Closed bsalamat closed 6 years ago
/lgtm /approve
@davidopp I had to run gofmt on the files. Could you please re-lgtm?
/lgtm
[APPROVALNOTIFIER] This PR is APPROVED
This pull-request has been approved by: bsalamat, davidopp
The full list of commands accepted by this bot can be found here.
The pull request process is described here
@bsalamat Is this only to ensure backwards compatibility with old version of rescheduler?
I think backward compatibility is a reasonable justification.
The other reason is that we want rescheduler to be able to evict high-priority user pods to get critical system pods to schedule, otherwise users can block critical pods from scheduling by filling up the cluster with high-priority pods. (Priority-based quota is in alpha in 1.11 so cluster admins who do not use alpha features will be unable to prevent users from filling up the cluster with high-priority pods.) If rescheduler considers high-priority user pods to be critical, then it won't evict them. Here a "user pod" is defined as one outside the kube-system
namespace.
That makes sense @davidopp. Thanks.
But I think, the current version of rescheduler can only evict pods created by DS controller, so high-priority pods created by user directly or some other controller won't be evicted by rescheduler even in that case. So, IIUC priority-based quota is still needed.

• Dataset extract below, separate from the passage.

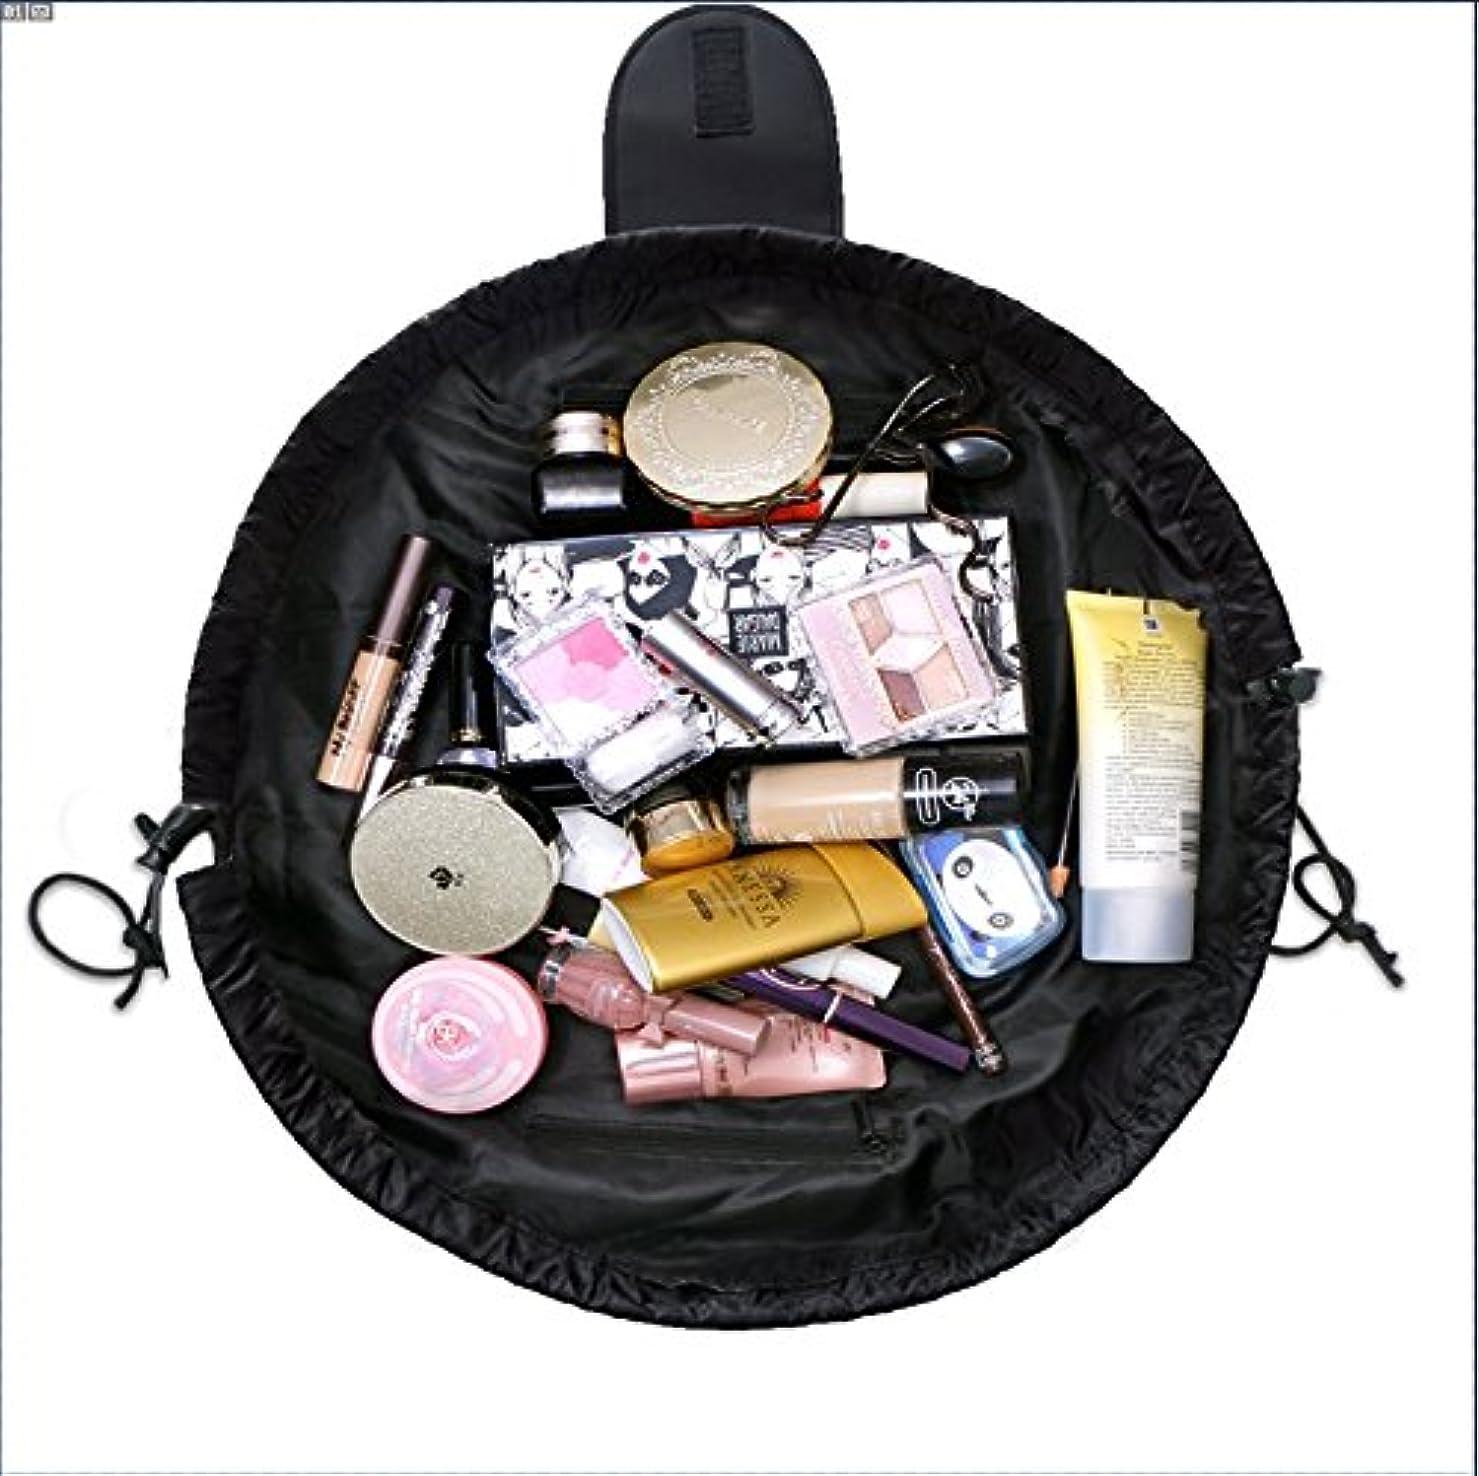 テレビ副産物割れ目旅行化粧バッグ ファッションお手軽カジュアル巾着旅行防水大容量の化粧バック (ブラック)

I haven't looked at the rescheduler code recently, but I don't think it's true that "the current version of rescheduler can only evict pods created by DS controller." The point of the rescheduler is to evict user pods to allow critical system pods to schedule.
That said, it is true that this change doesn't eliminate all the vulnerabilities. But it reduces them, by allowing the rescheduler to evict user pods to schedule daemon sets.

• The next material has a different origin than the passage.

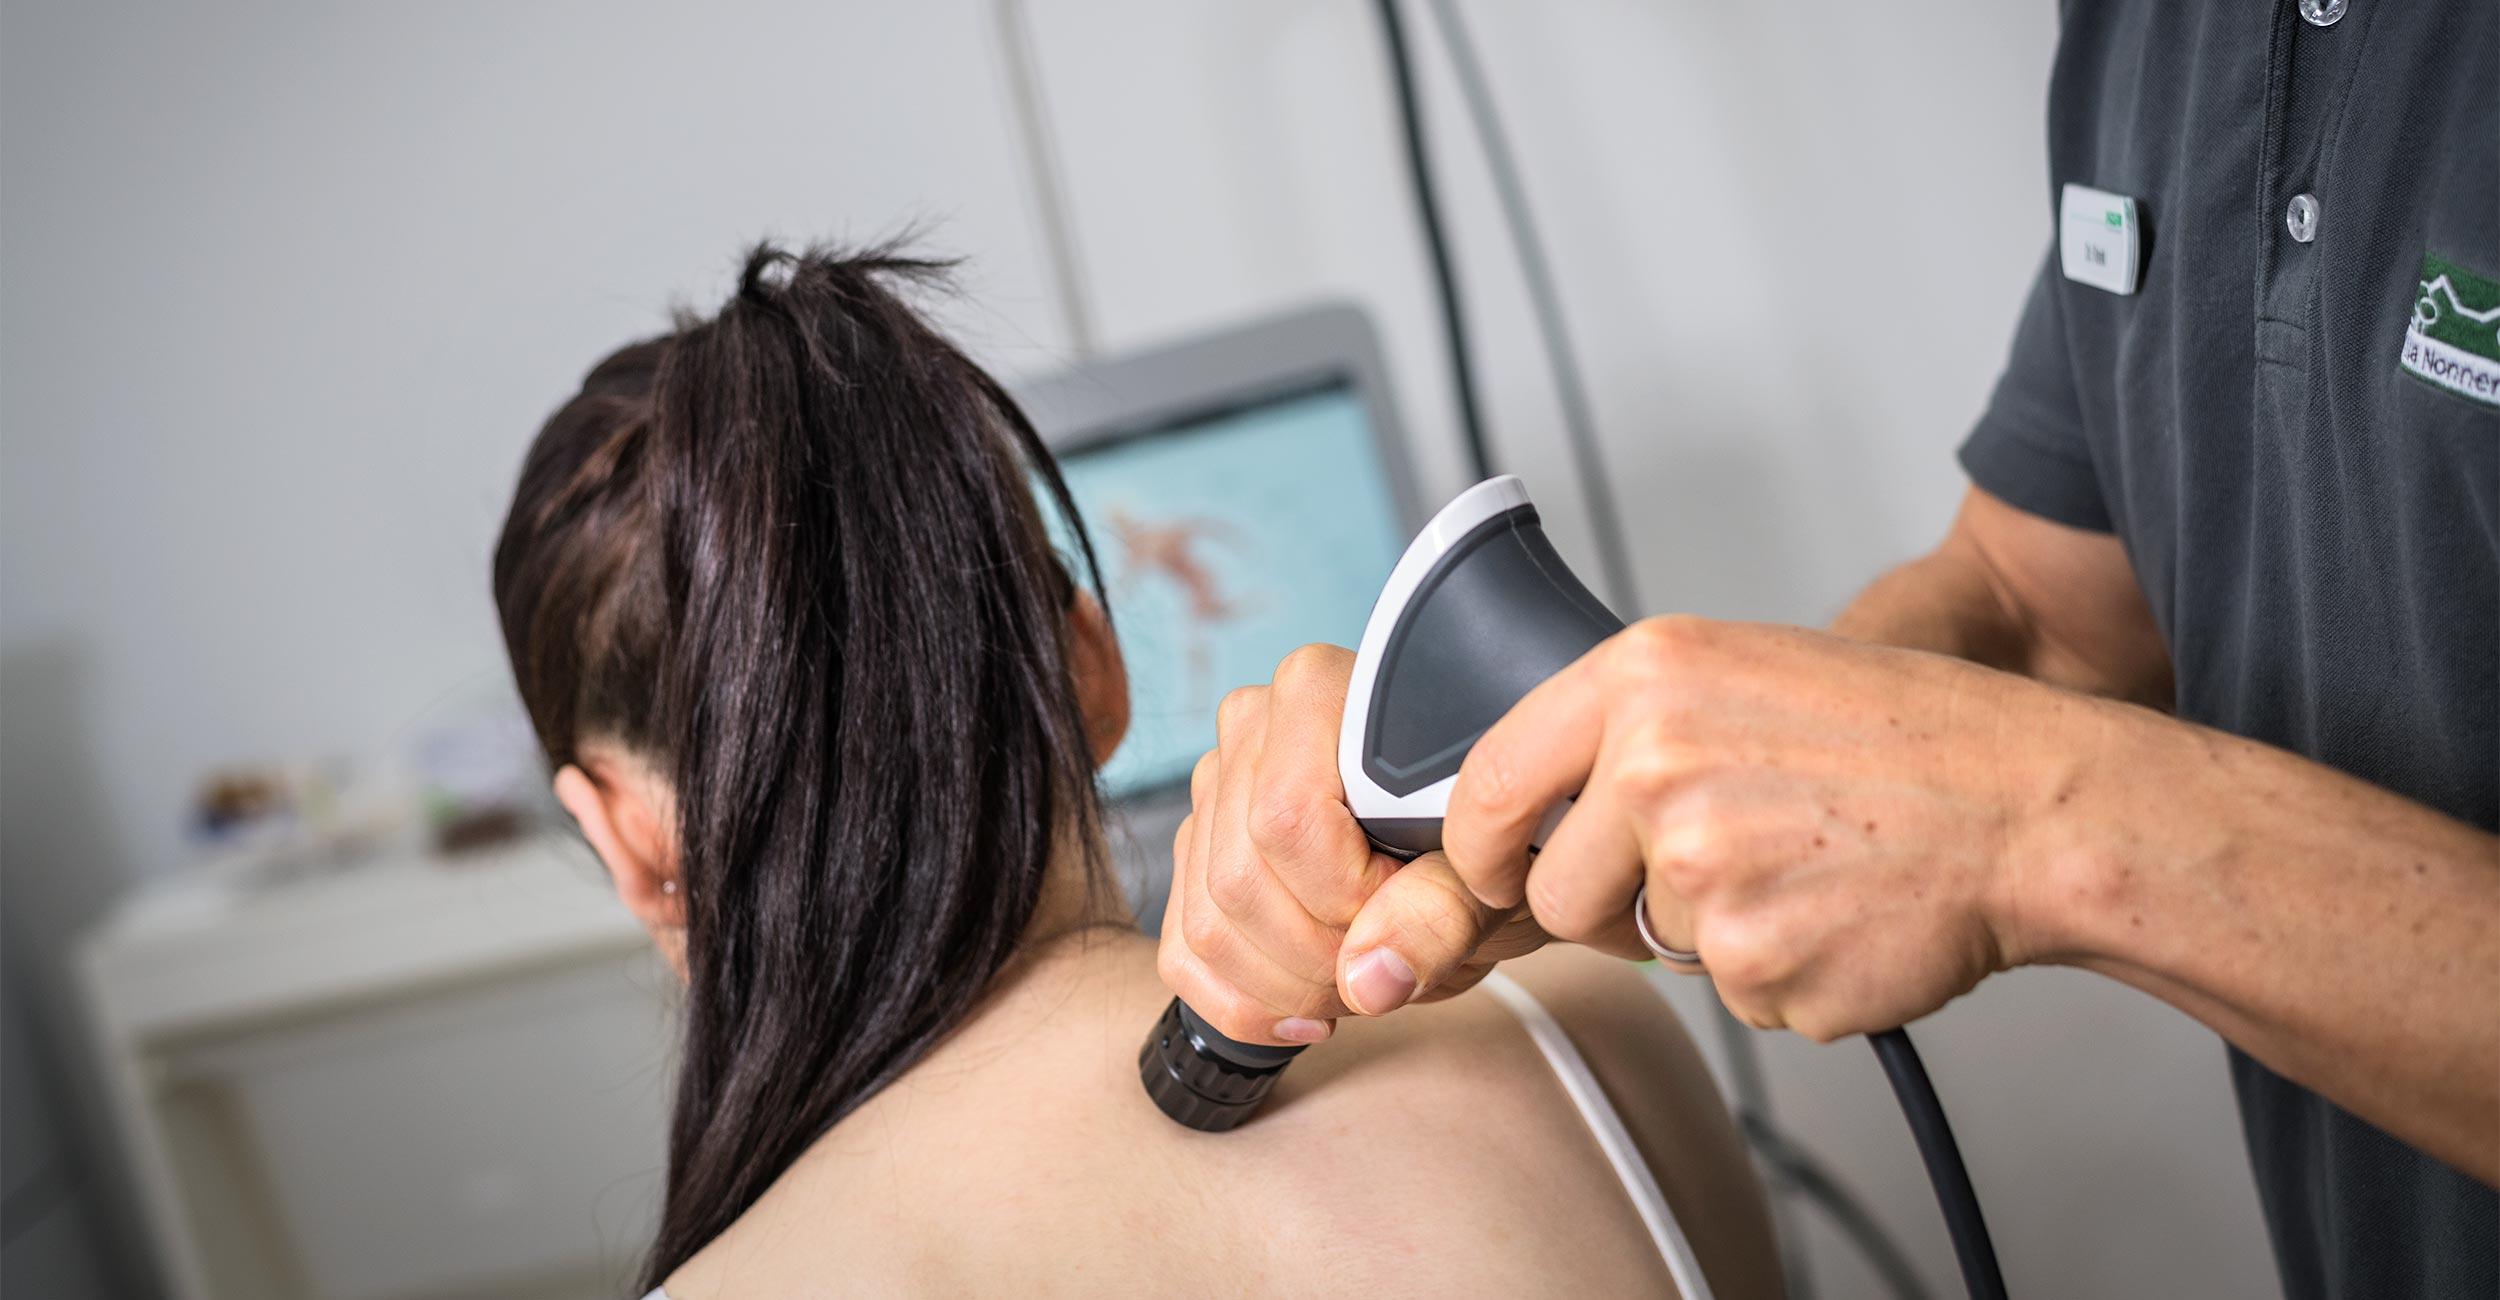 Fokussierte Stoßwellentherapie zur Schmerzreduzierung

@bsalamat please correct me if I'm wrong.
But I think, the current version of rescheduler can only evict pods created by DS controller
Ohh sorry, what I meant was rescheduler will be run only when there is no space for critical pods created by DS controller. If there are pods created by other controllers or users create system critical or node critical pods, scheduler or rescheduler cannot do anything because they cannot evict high critical pods.

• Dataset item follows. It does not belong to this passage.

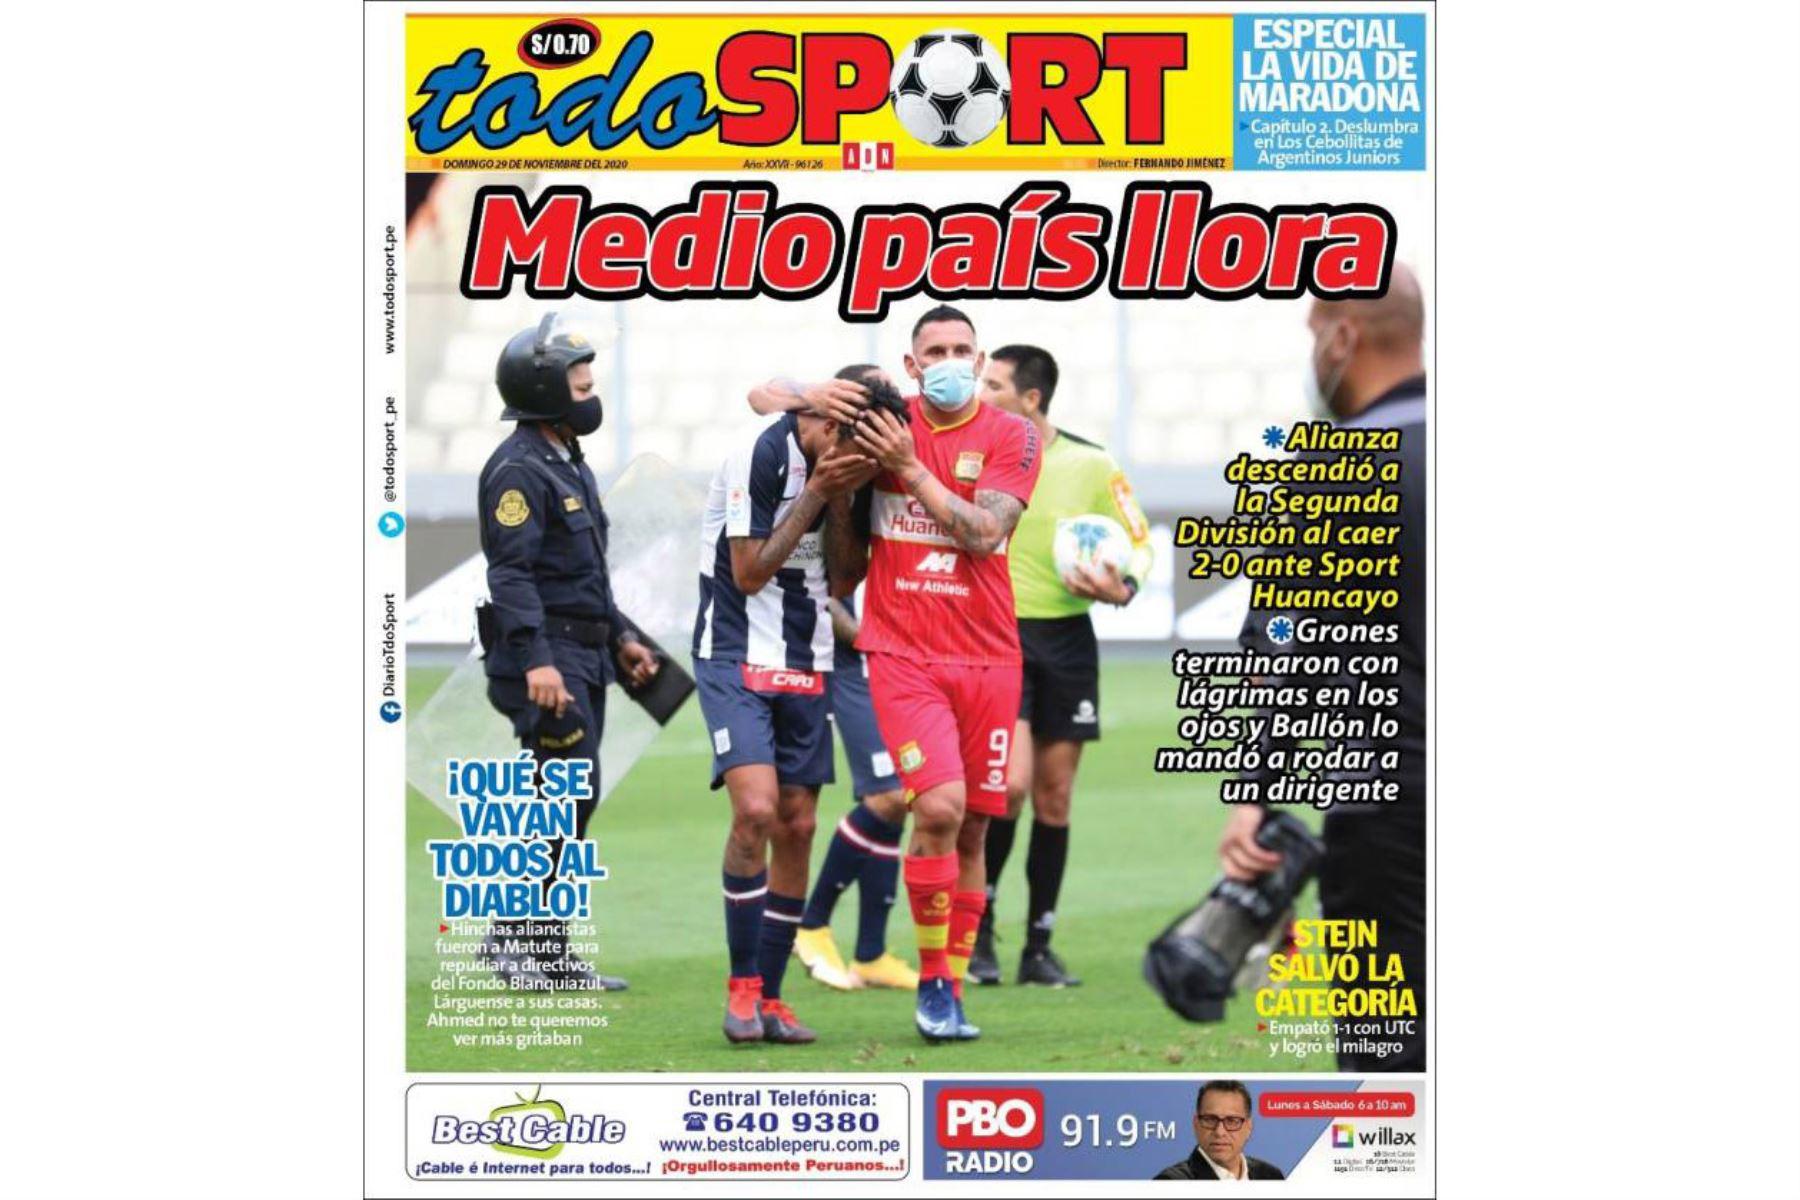 Así informaron algunos medios el descenso de Alianza Lima a la Segunda División. Todo Sport. Foto: Difusión

But I understand your argument of reducing the abuse. Thanks
Rescheduler has always considered pods only in kube-system namespace as critical pods. Recently, we made a change to consider pods with highest priority levels as critical as well. This PR ensures that such pods are considered as critical when they have such high priorities AND they are in kube-system namespace. This could help reduce possibility of malfunction in clusters under resource pressure where regular users have created pods with critical priorities in non-system namespaces.